◆ What is being asked ◆
Without the pictures, write the listing out again exactly as it appears.

◆ Dataset content ◆
+++

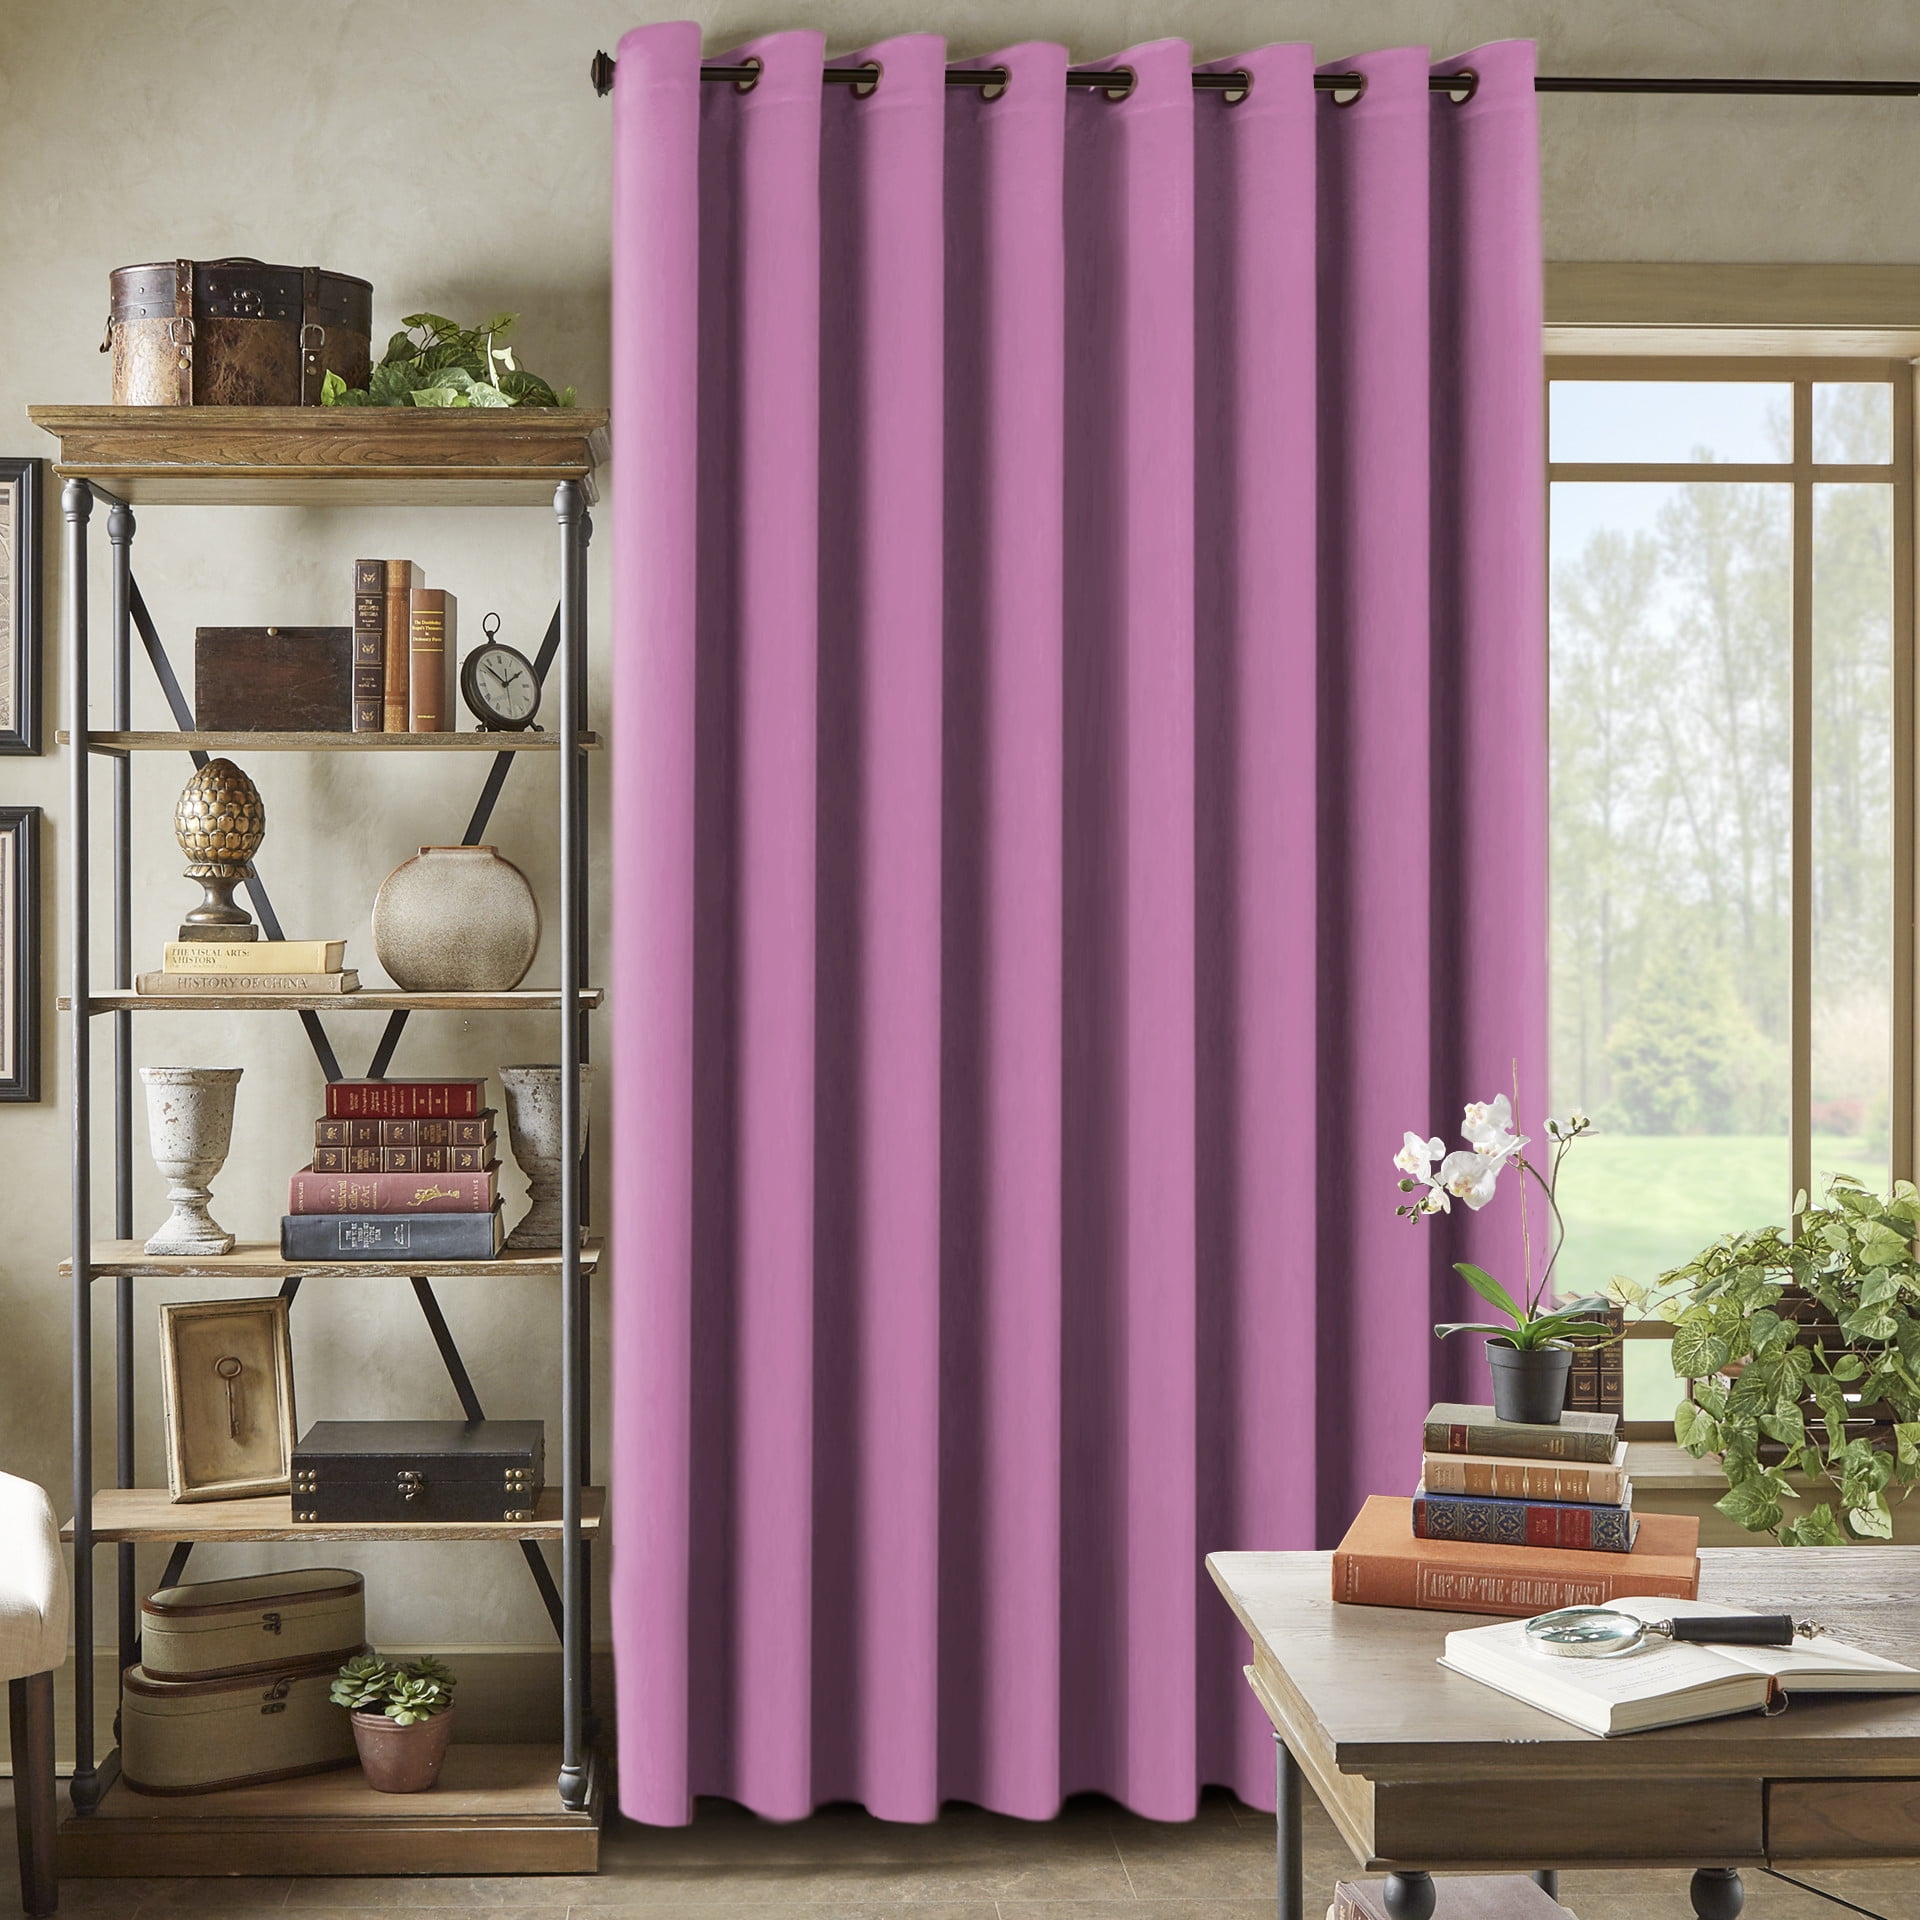 H.Versailtex Extra Long And Wide Blackout Curtains, Thermal Insulated
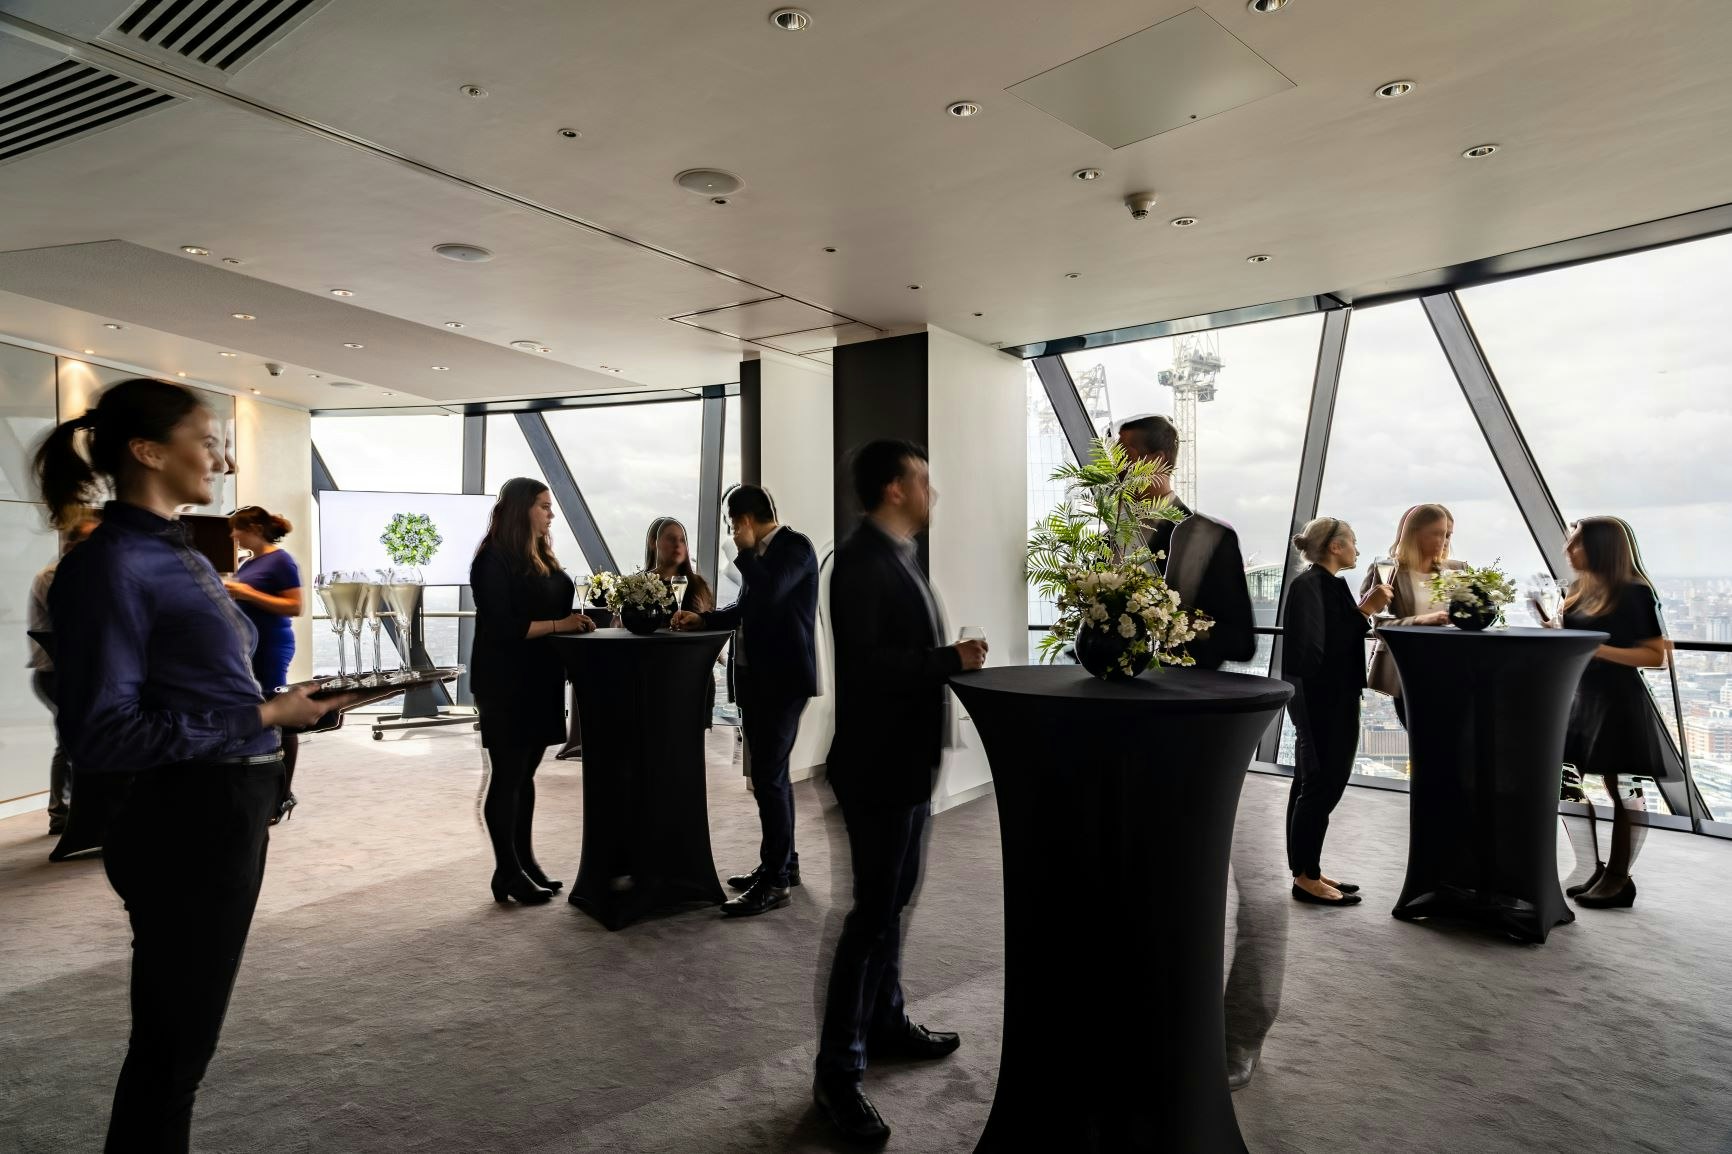 Searcys at the Gherkin - Exclusive hire of Level 38 image 3
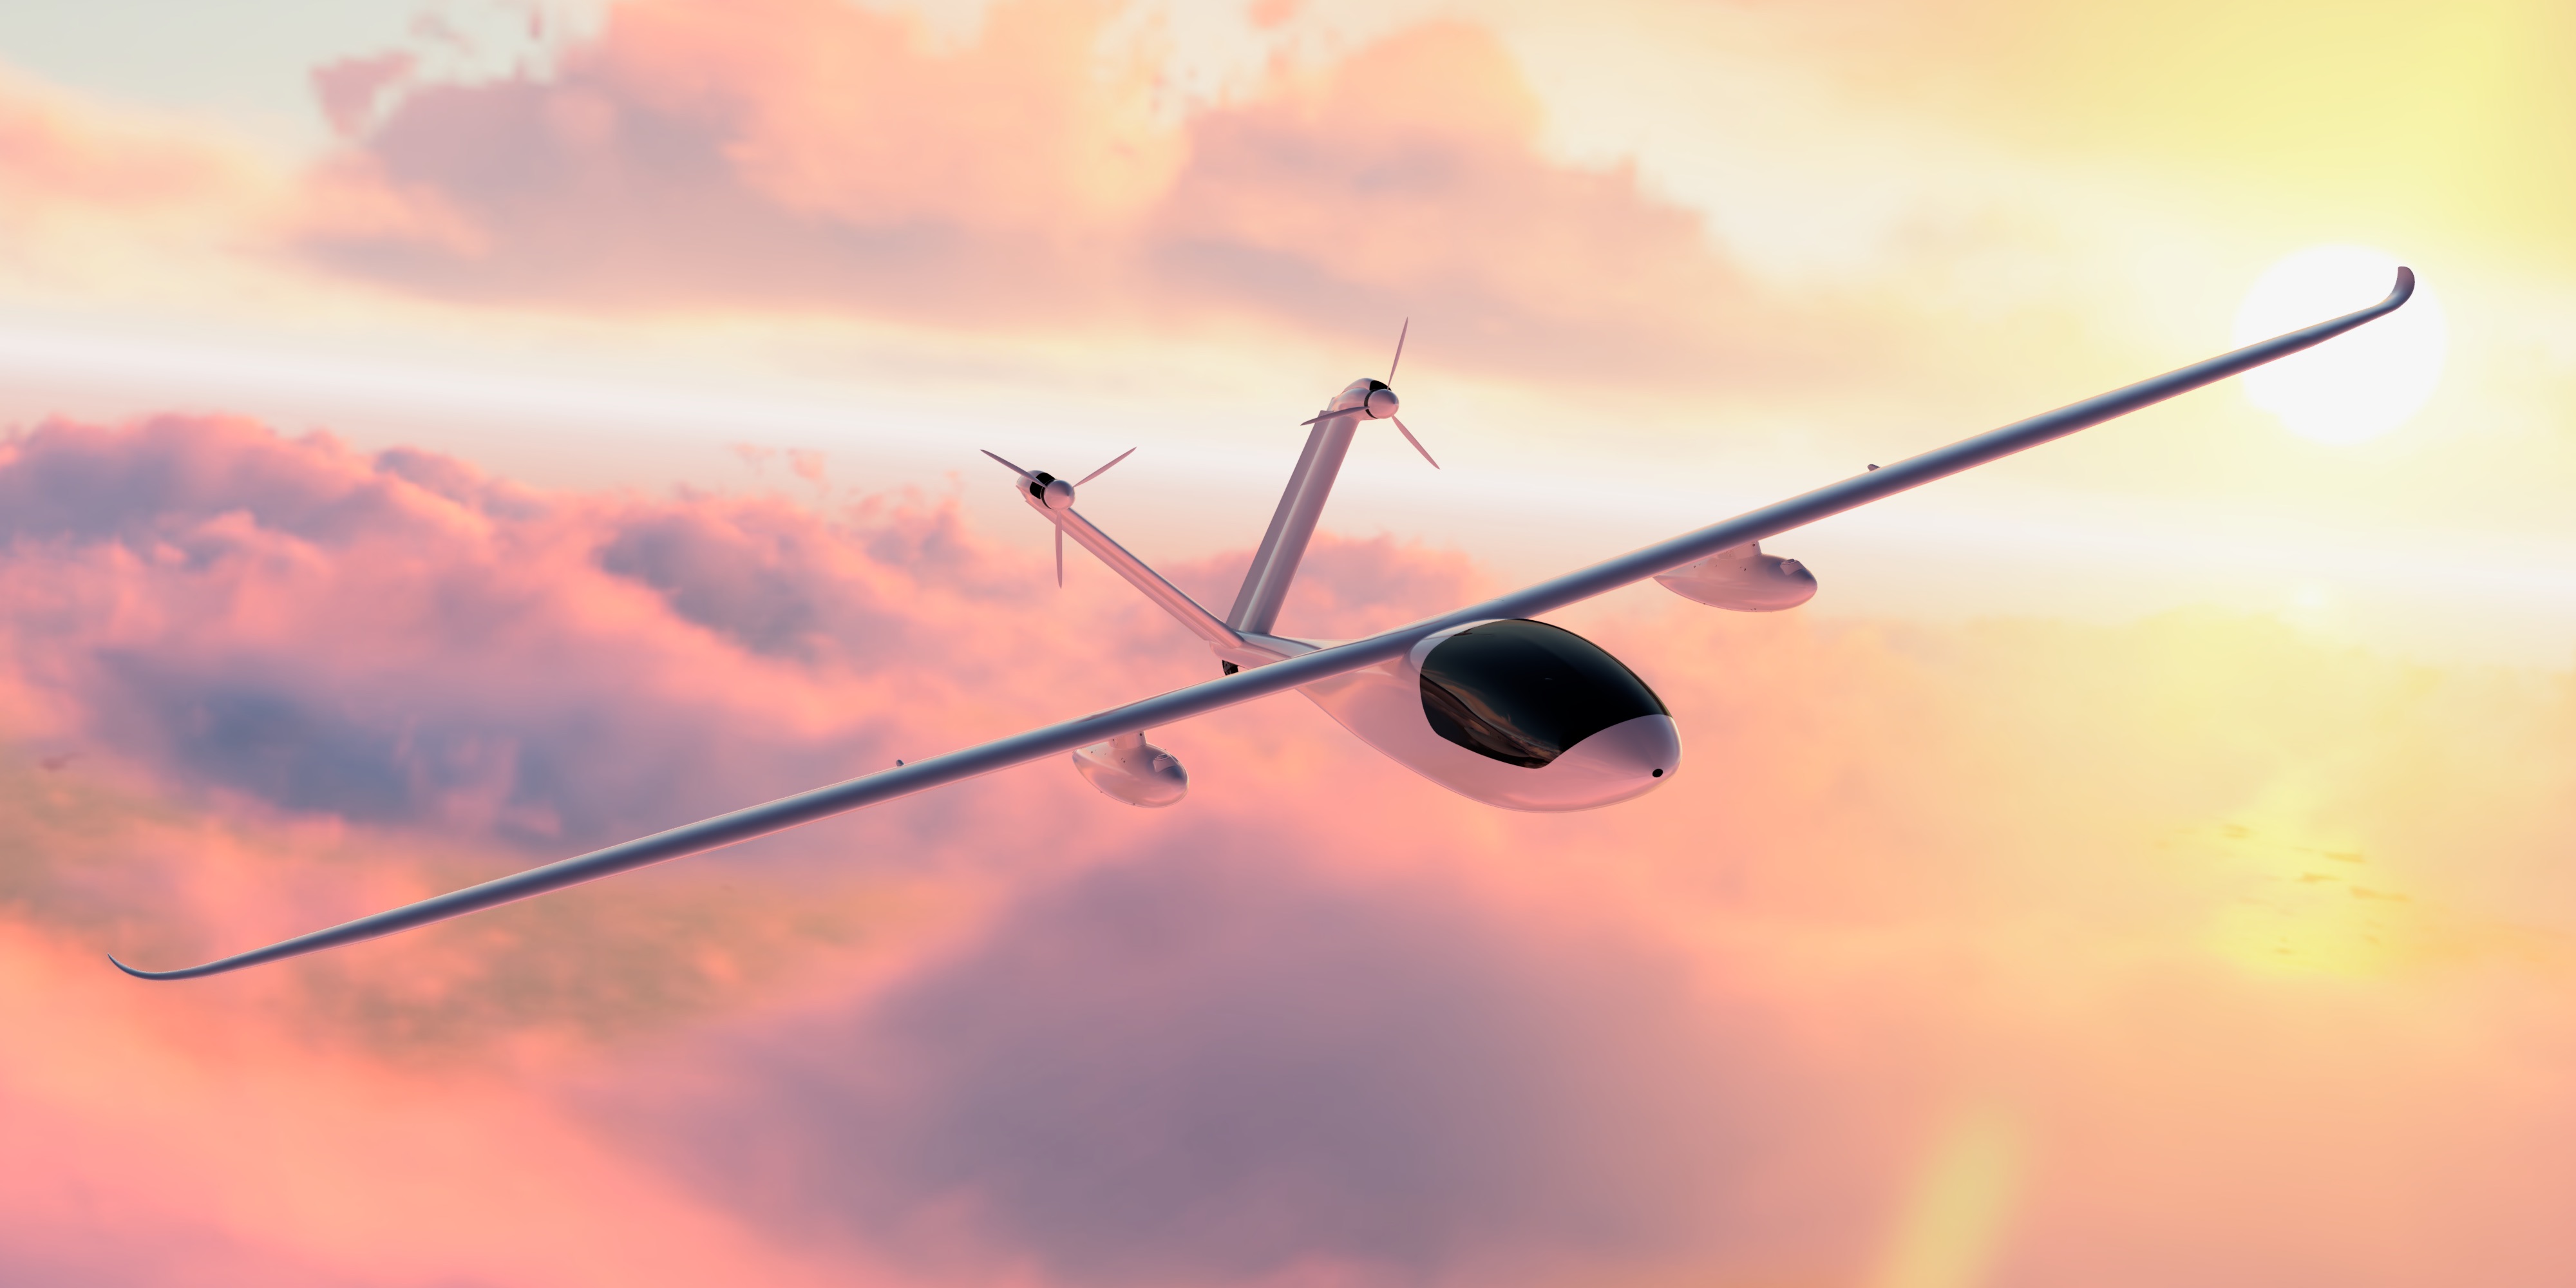 Certification Process for a Hybrid Electric Aircraft

+++

◆ Task response ◆
 H.Versailtex Extra Long And Wide Blackout Curtains, Thermal Insulated
 Searcys at the Gherkin - Exclusive hire of Level 38 image 3
 Certification Process for a Hybrid Electric Aircraft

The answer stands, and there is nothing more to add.